Six out of 39 ways to save the planet
Nicola Dennis eases the pain of menial work with the therapy of podcasts.
Nicola Dennis eases the pain of menial work with the therapy of podcasts.
There is something very therapeutic about doing menial tasks while listening to podcasts. One podcast I have particularly enjoyed is “39 ways to save the planet” a BBC production with Tom Heap and the Royal Geographical Society. It’s a refreshing look on greenhouse gas mitigation that walks the unbeaten path between “climate change is a hoax” and “repentant sinners should bend the knee to play Simon Says with their diet/transport/spending/life etc”.
As the name suggests, there were 39 episodes detailing new developments in emissions-busting. None were to scream about veganism.
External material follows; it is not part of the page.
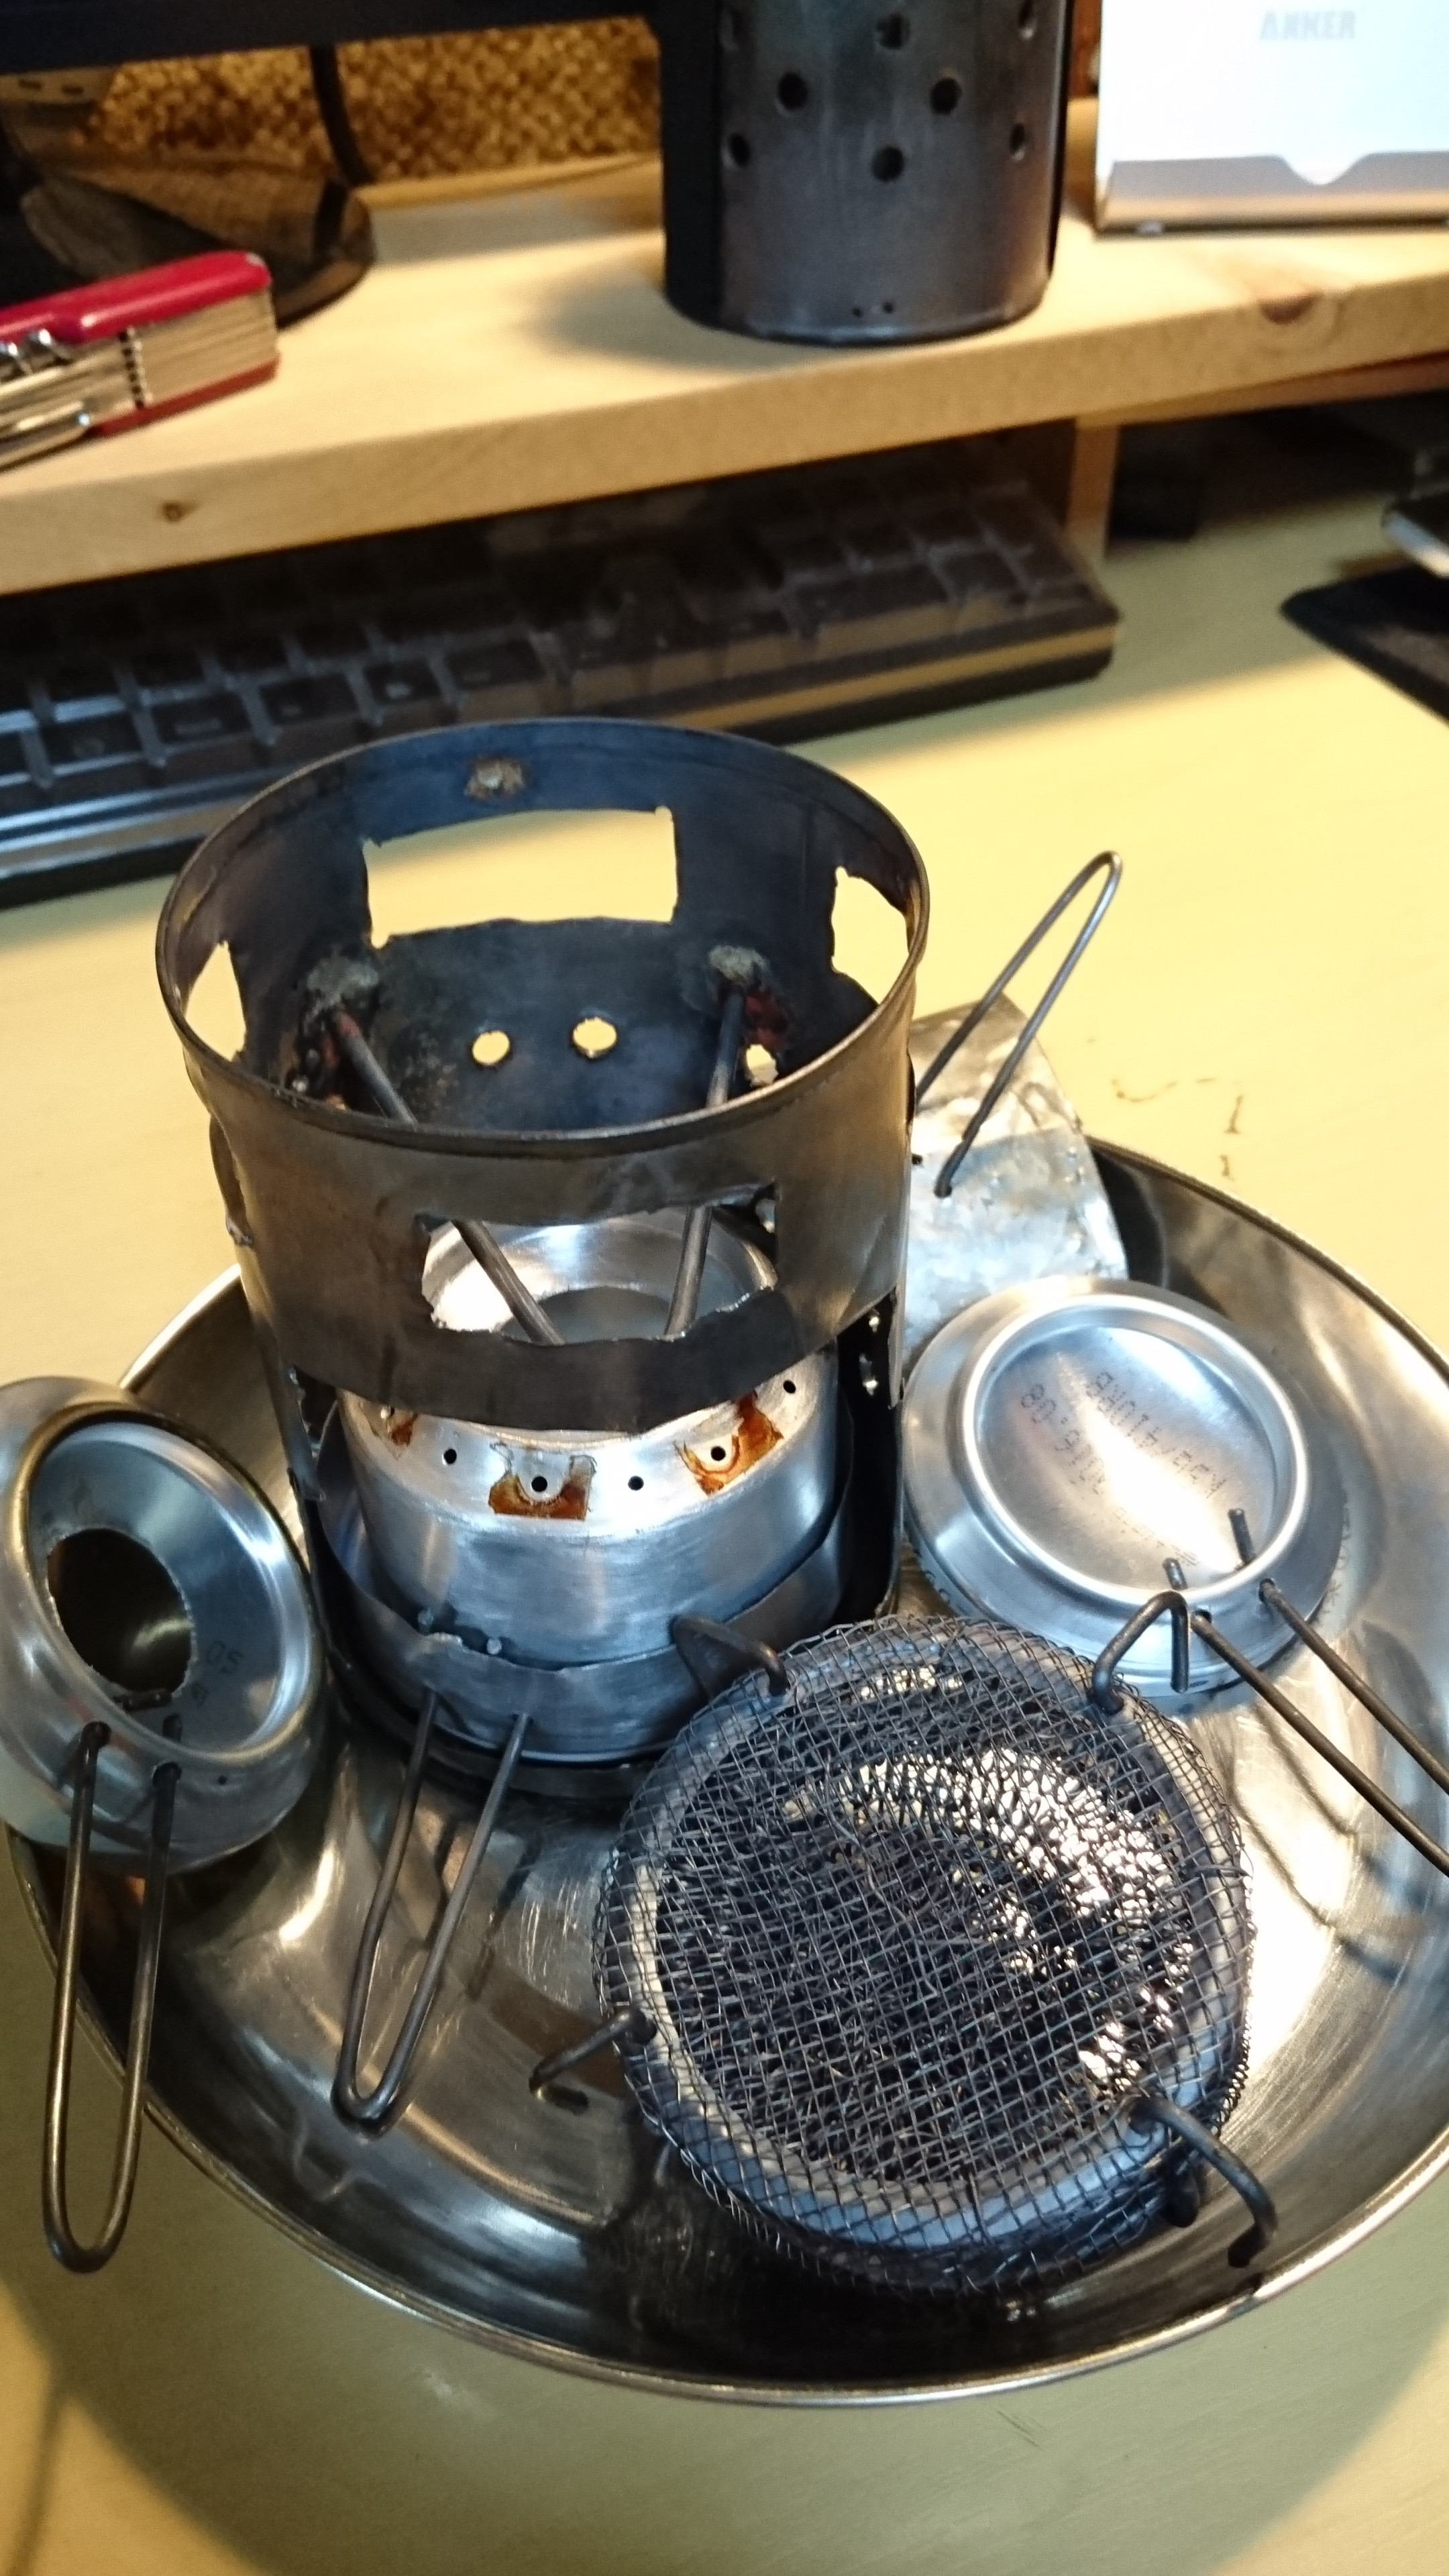 アルコールバーナーのクッカー兼赤外線ヒータを自作 Ver2(trangia対応)(DIY)

Funny that.
I’ll not plagiarise the entire series, but I thought I would dig into a few topics I found most interesting.
Chopping down trees
This one is so whimsically counterintuitive I have repeated it to everyone who will listen. Siberia is heating up faster than most places and one strategy is to rip out the trees and increase the ruminants and other herbivores.
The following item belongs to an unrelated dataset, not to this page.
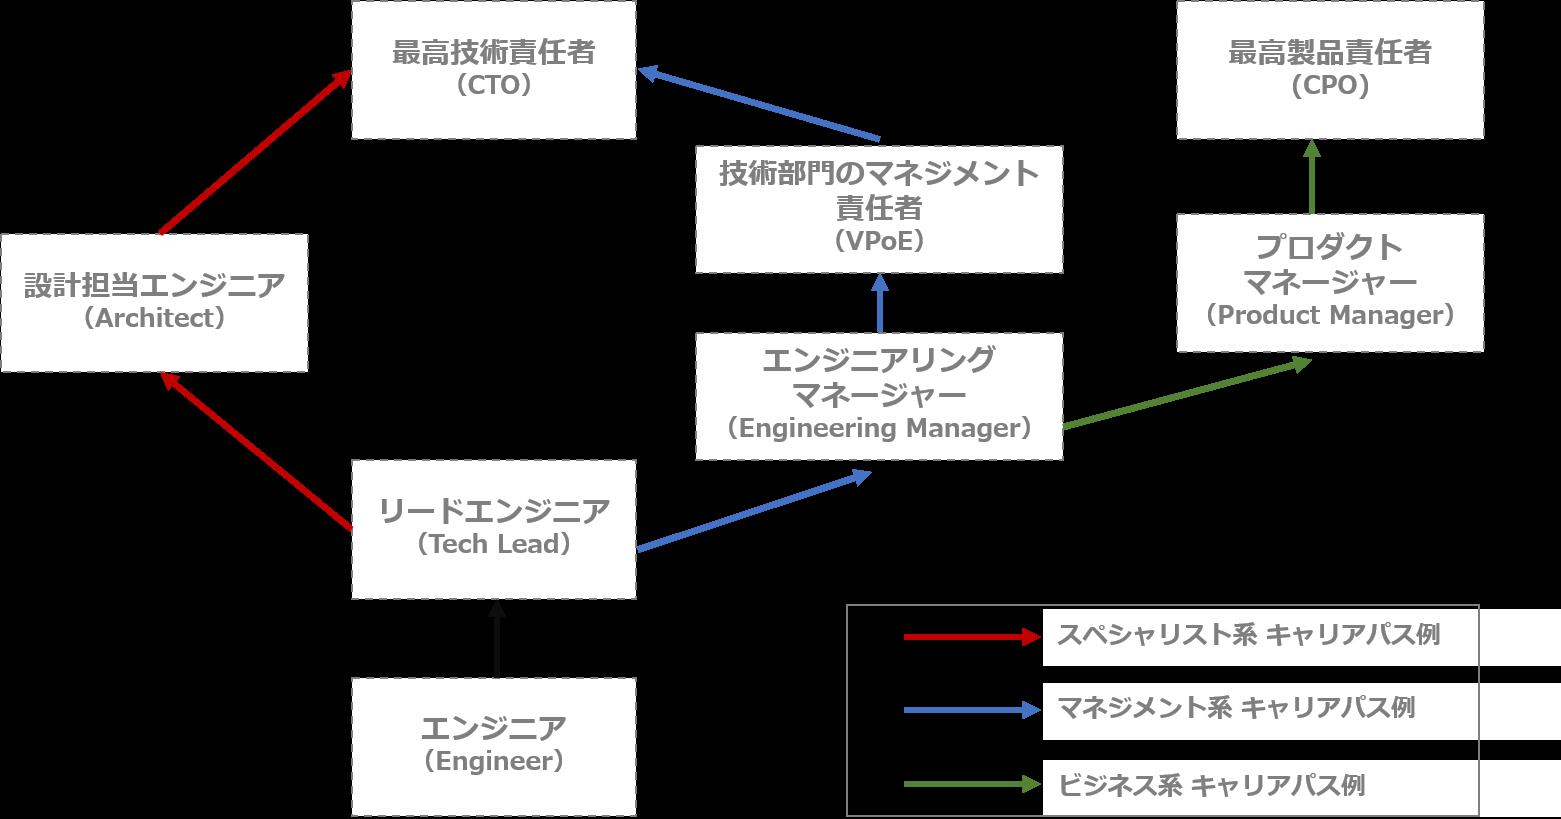 事業会社におけるITエンジニアのキャリアパスの例

A hot Siberia is bad news for the planet because its permafrost contains massive stores of trapped carbon dioxide. It also contains old burial grounds infected with anthrax and prehistoric viruses. One would think it is best to keep ancient nasties and downtrodden Russians separated.
Speaking of sorry situations, let’s go back 15,000 years when humans first colonised Siberia setting off a chain of events that wiped out the mammoths, woolly rhinoceroses, bison, native horses and most of the reindeer. The grasslands disappeared and trees and shrubs took over. By the way, this is the complete opposite of the Central Otago situation where hunting herbivores with fire meant forests were permanently annihilated by humans.
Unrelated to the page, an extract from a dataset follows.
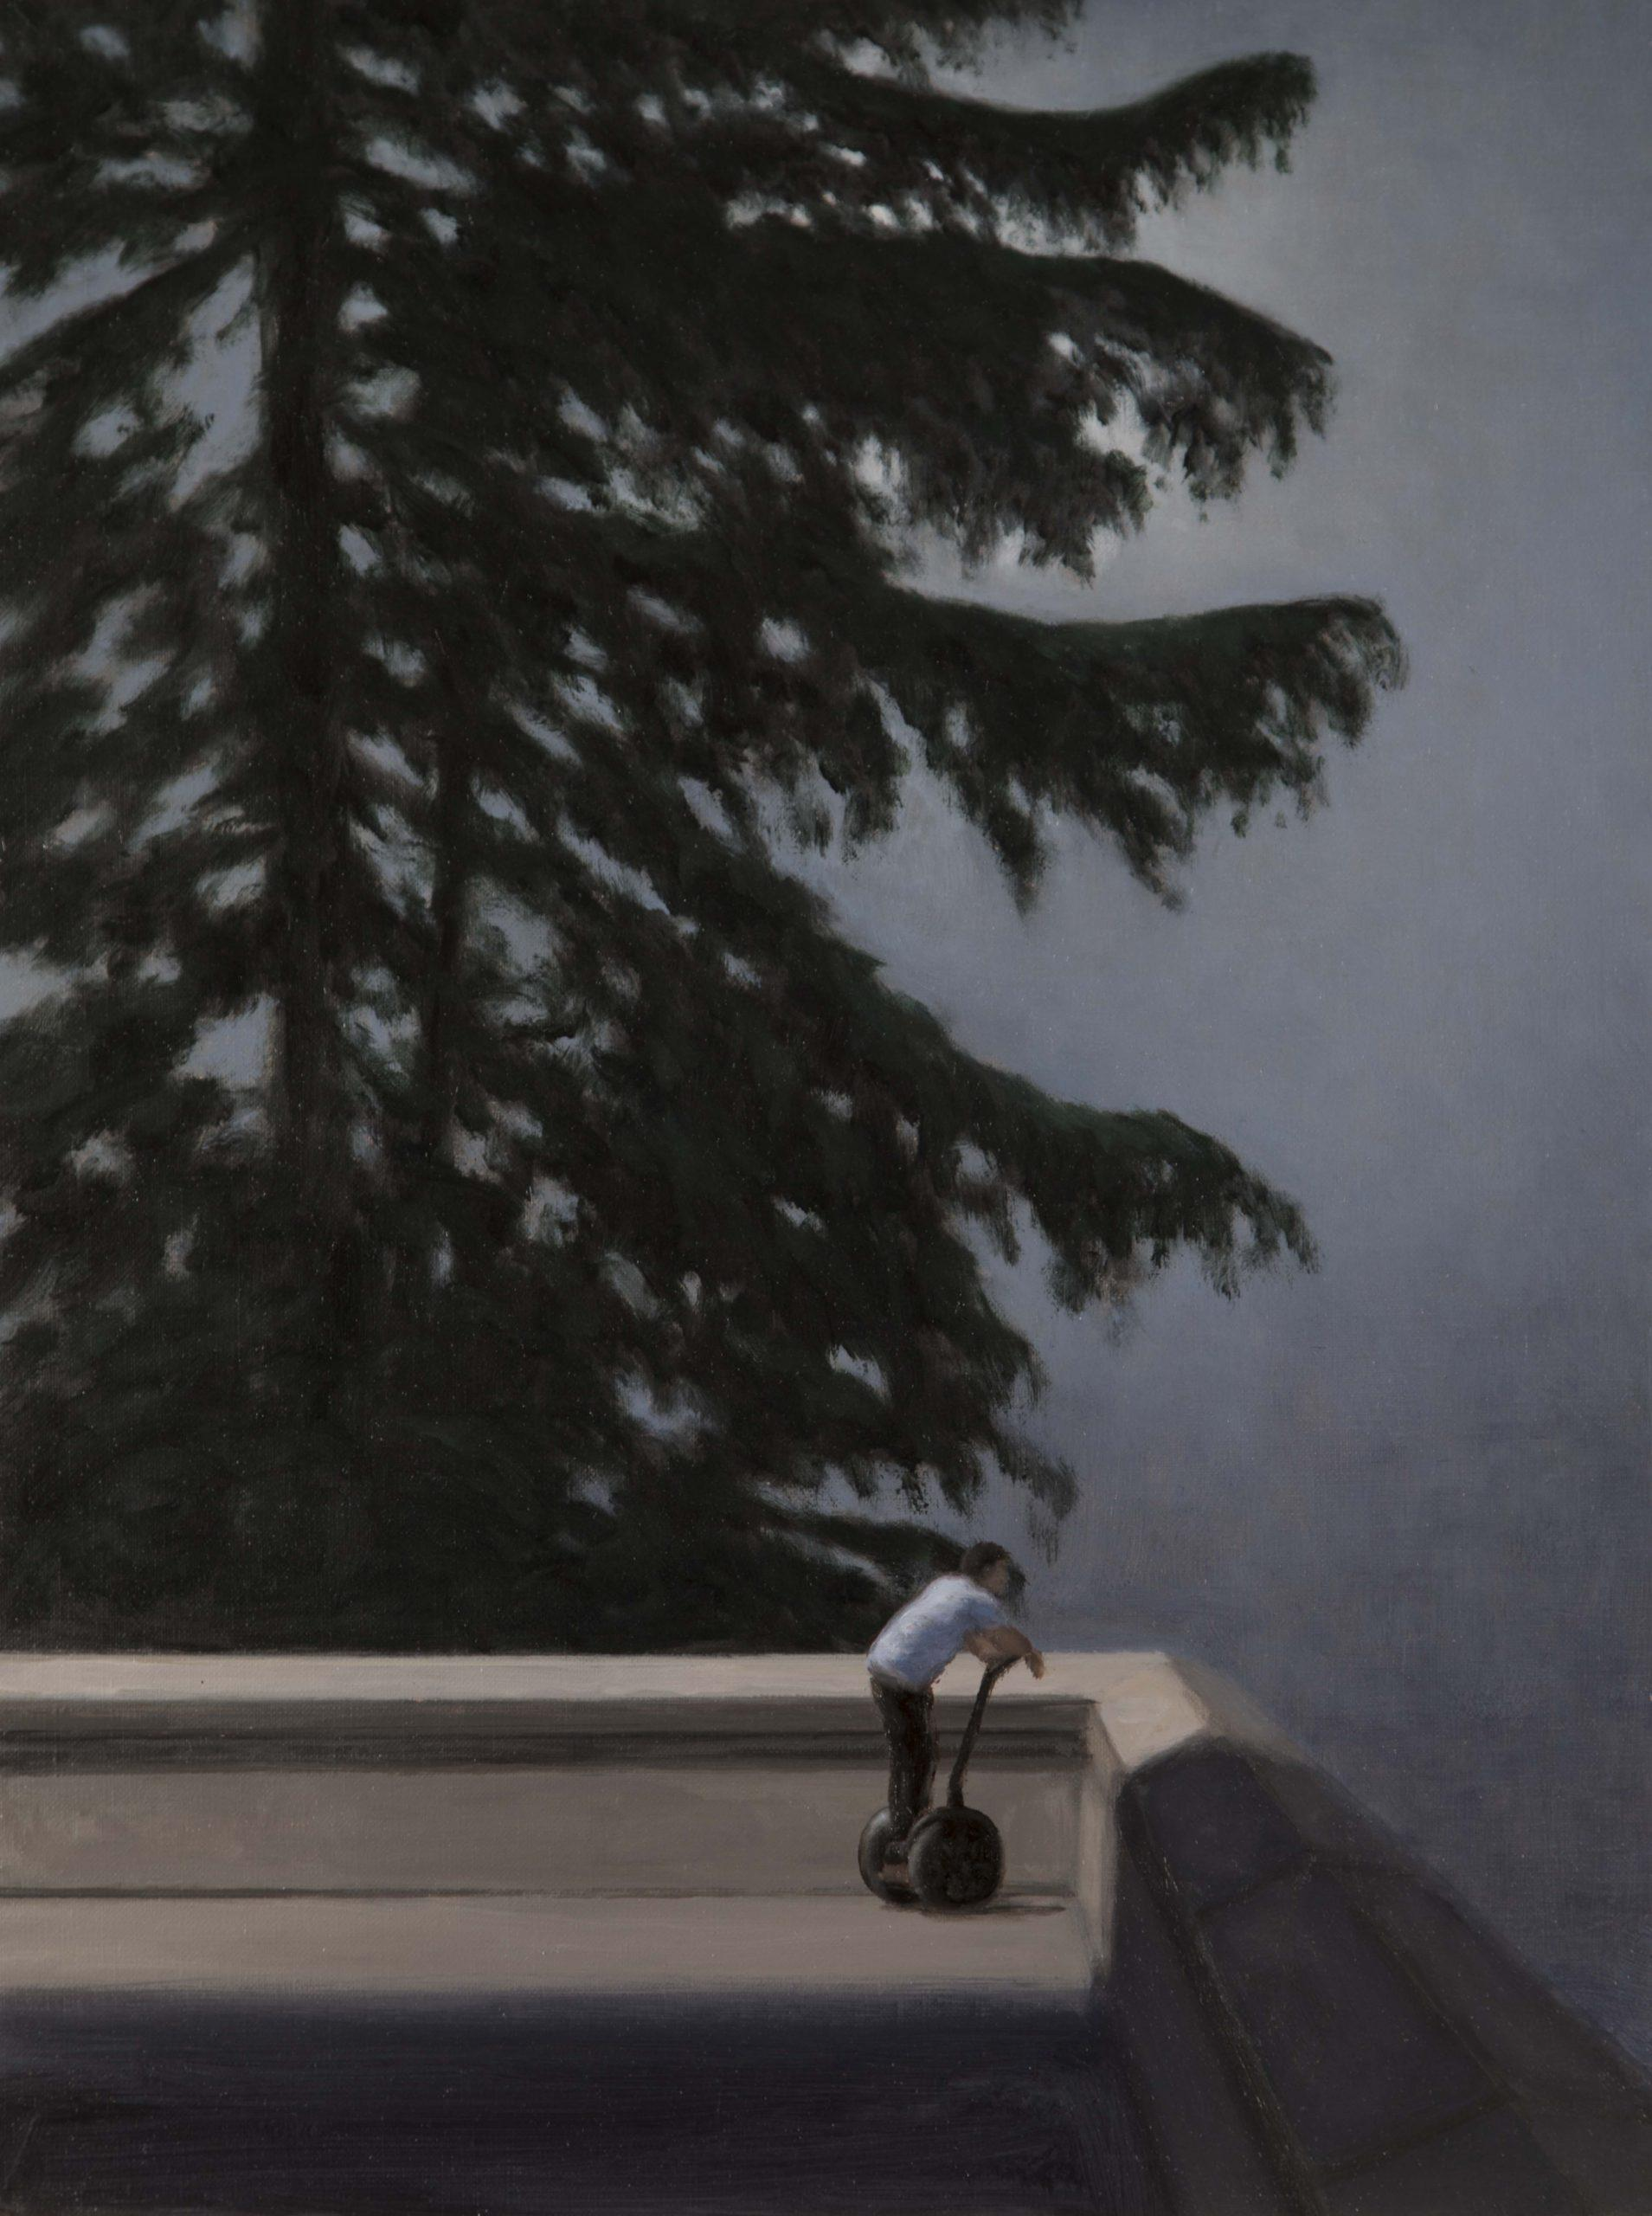 GONZALO SICRE. Crepuscular Óleo sobre lienzo 61 x 46 cm 2020

We humans probably owe Central Otago some beech forests. But in Siberia the forests can be trouble. They absorb twice as much solar radiation as the reflective snowy plains. And without the herbivores to trample the snow into the ground, the soil is warmer throughout winter. The answer would be to bring back the woolly mammoth and rhinoceroses, but bison, reindeer, cold-adapted cows and sheep are the next best thing.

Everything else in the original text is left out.